▸ PROBLEM
Reproduce word for word the line holding "Draft Transport Assessment" and all lines after it in the data, through the end, leaving out pictures.

──────── PROVIDED DATA ────────

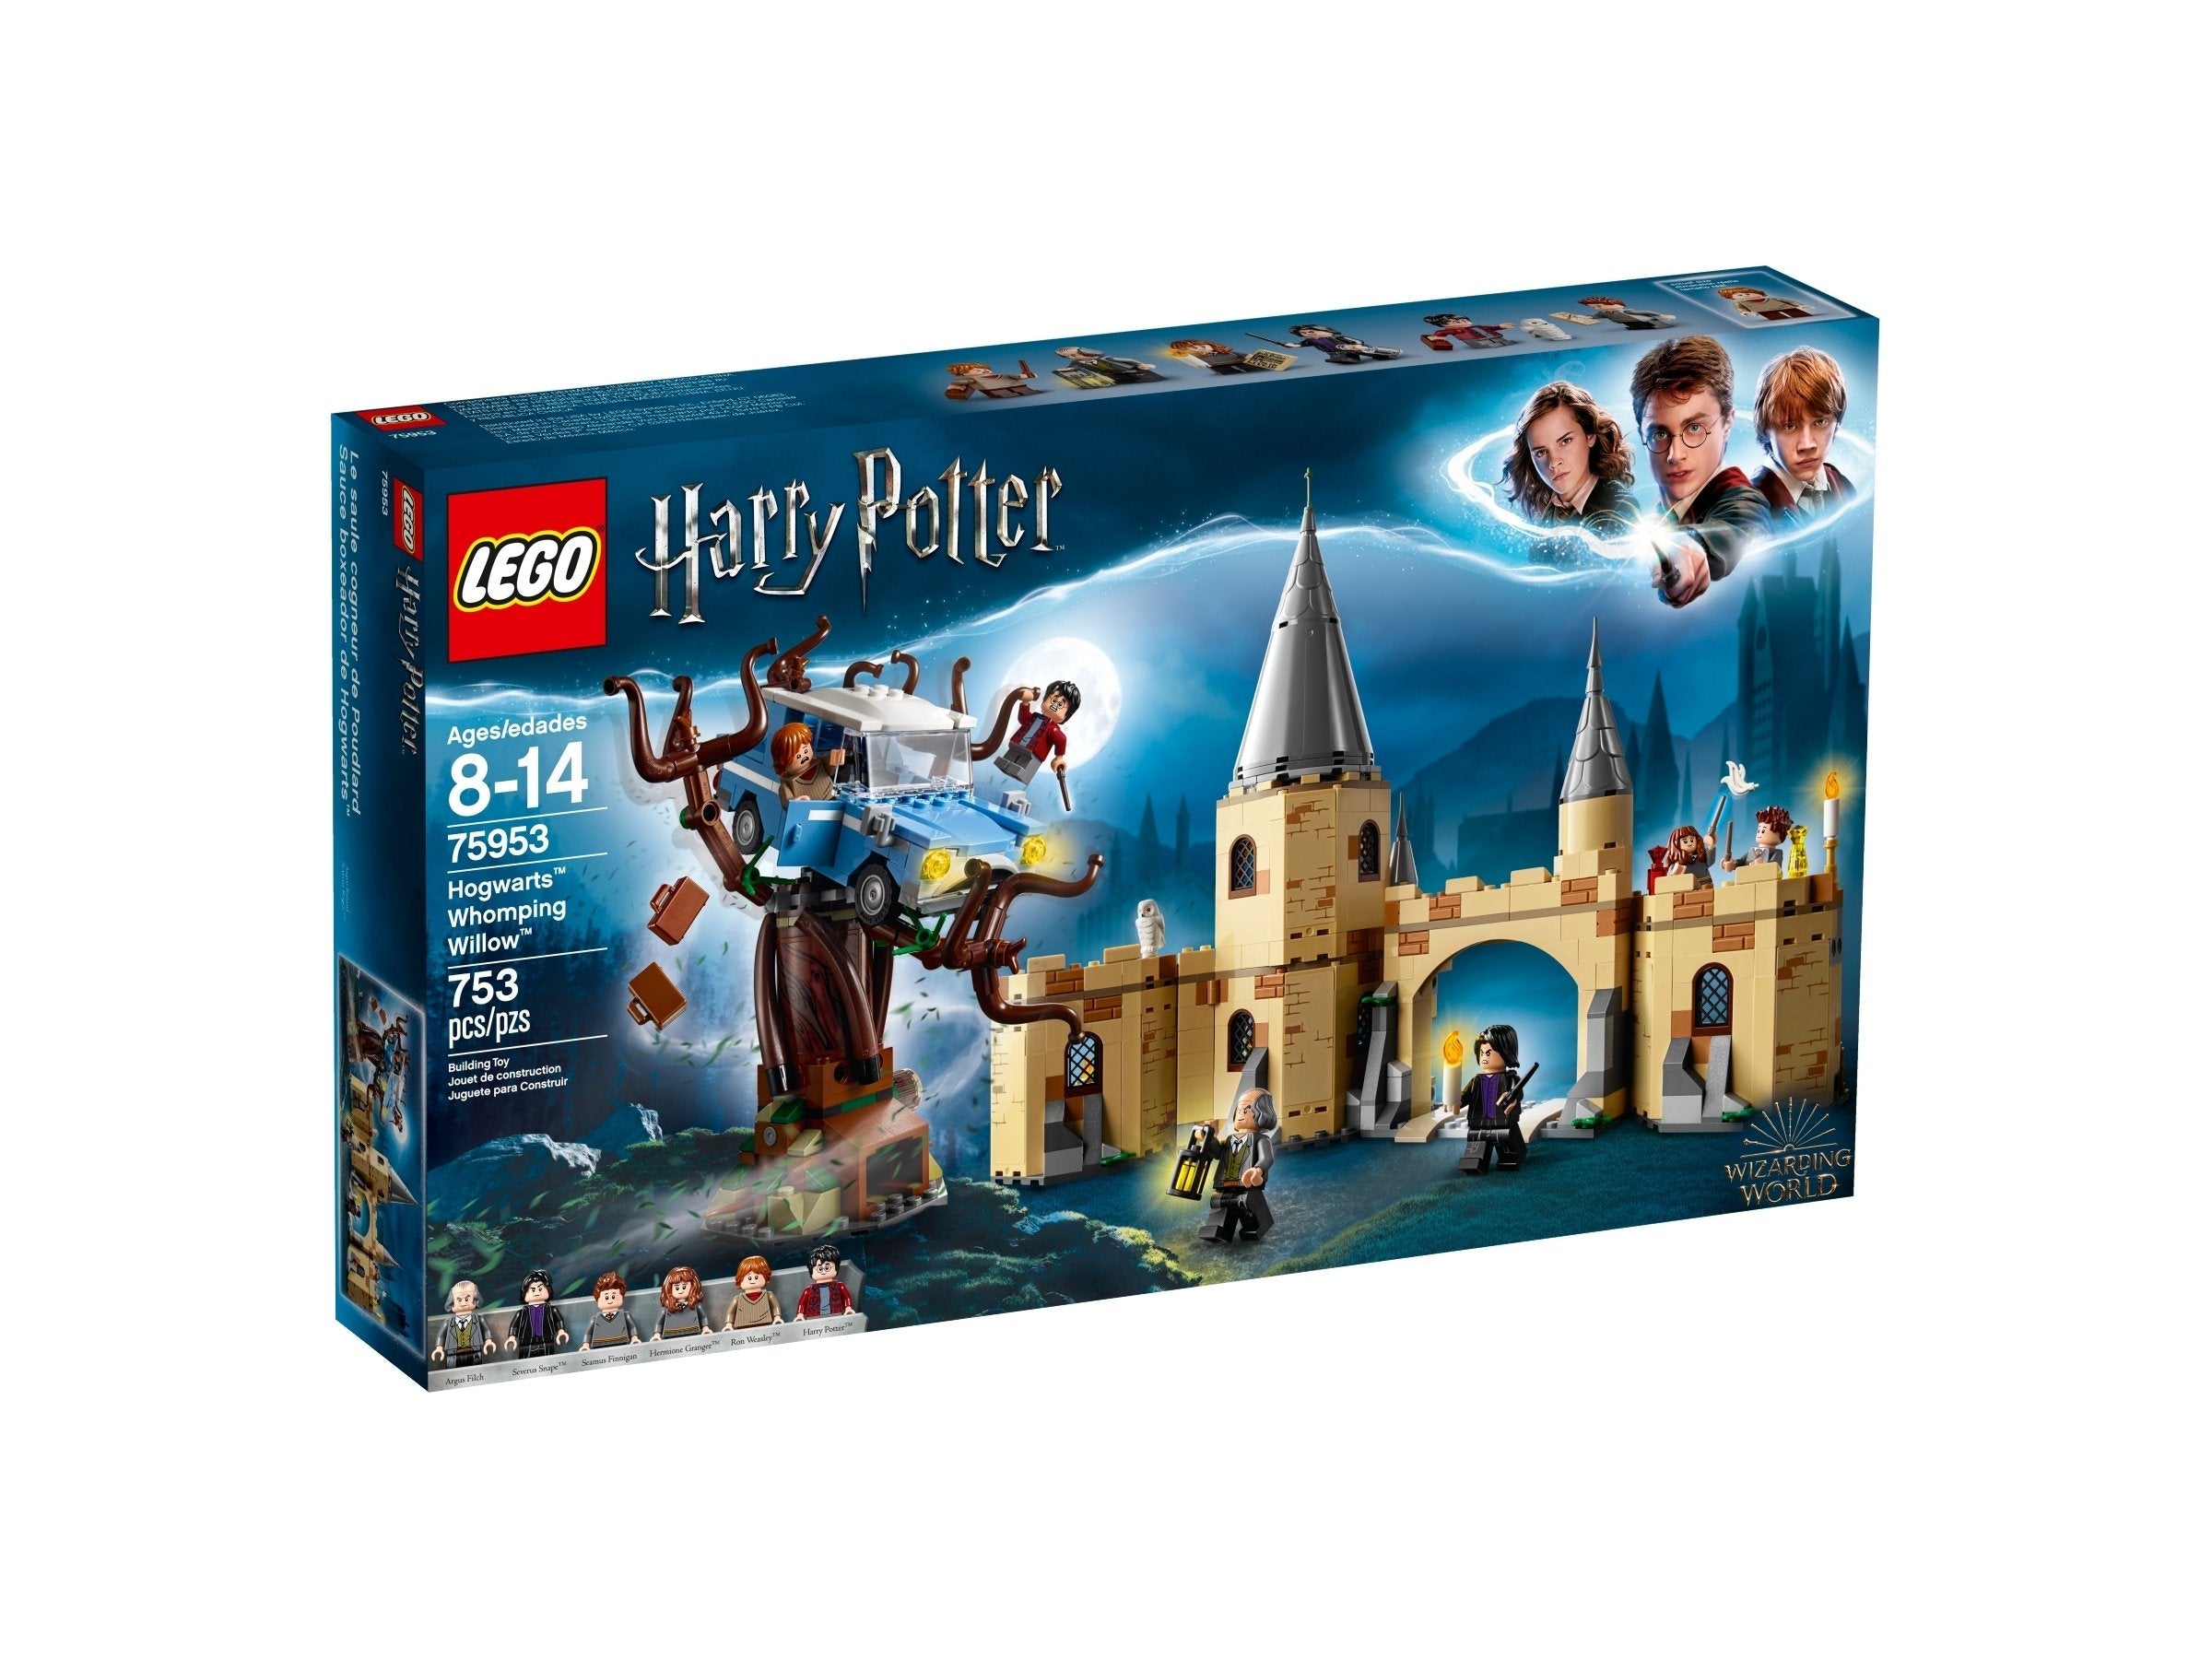 LEGO Harry Potter Die Peitschende Weide von Hogwarts (75953) - im GOLDSTIEN.SHOP verfügbar mit Gratisversand ab Schweizer Lager! (5702016110364)
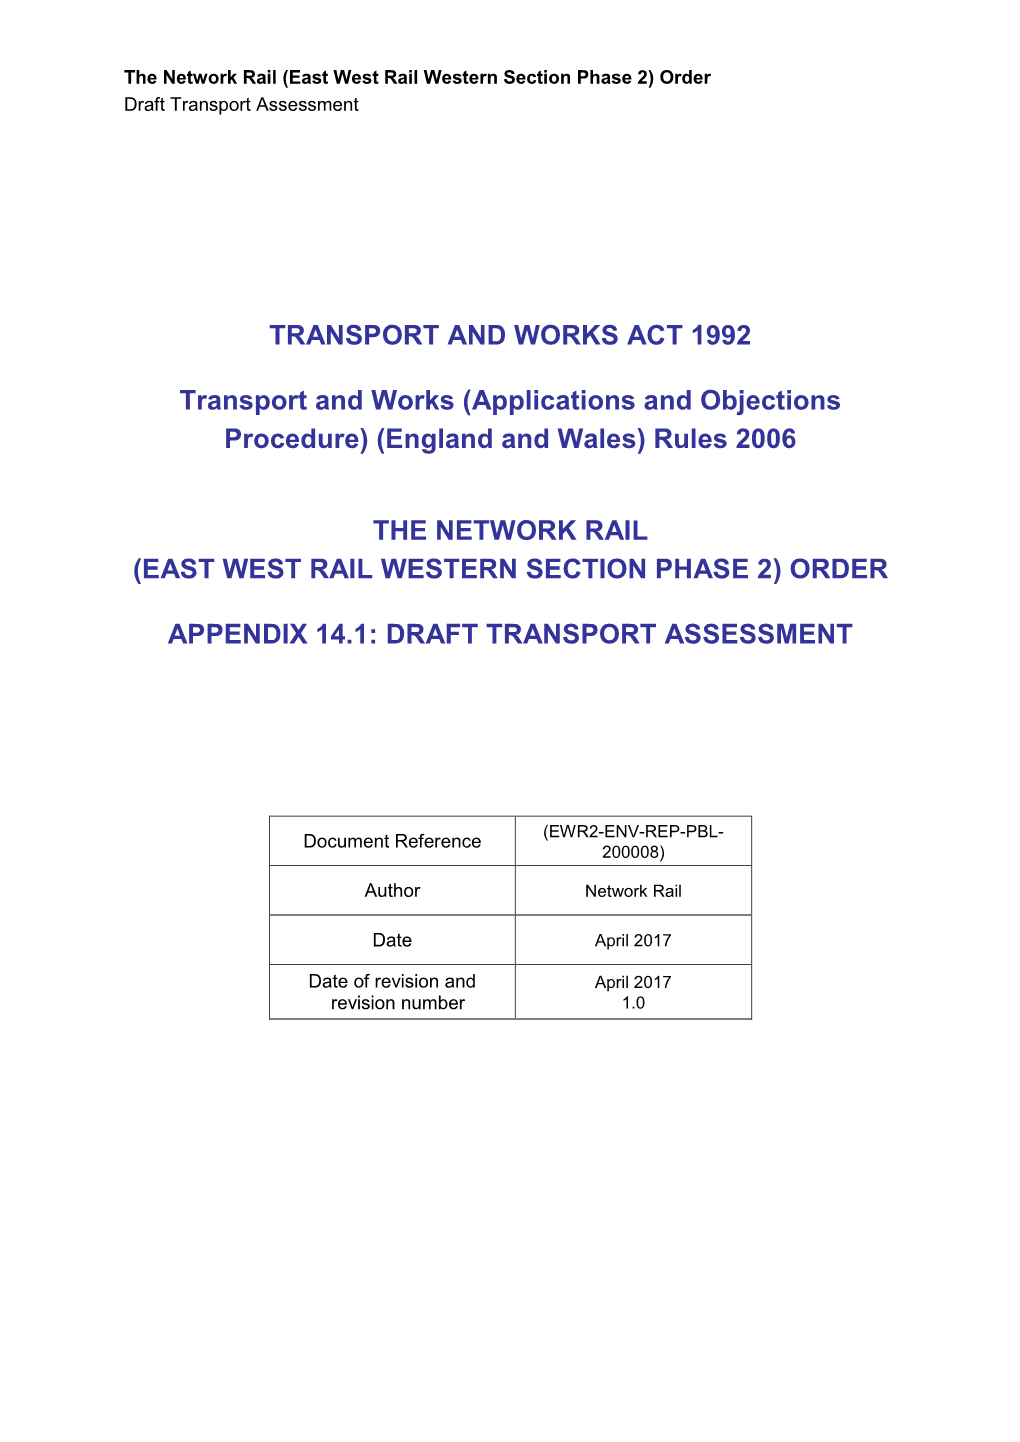 Draft Transport Assessment
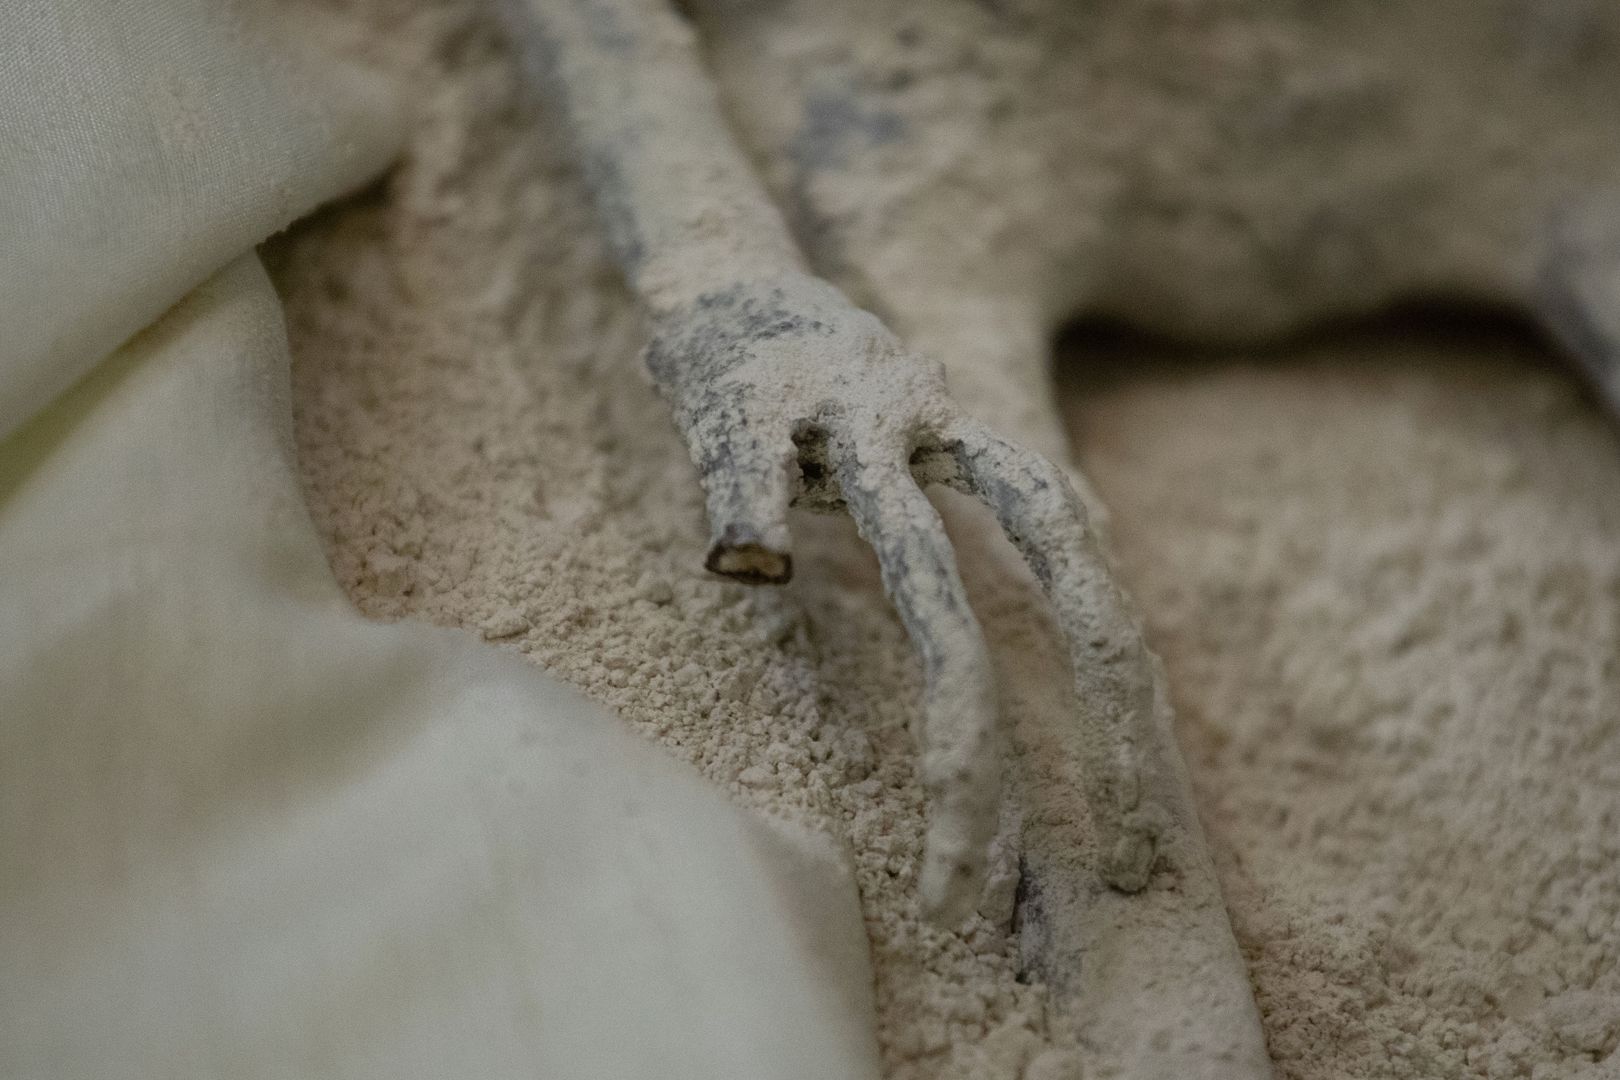 Badacze twierdzą, że mumie "to nowy gatunek". Chcą odkryć prawdę

────────

▸ WRITTEN ANSWER
 Draft Transport Assessment
 Badacze twierdzą, że mumie "to nowy gatunek". Chcą odkryć prawdę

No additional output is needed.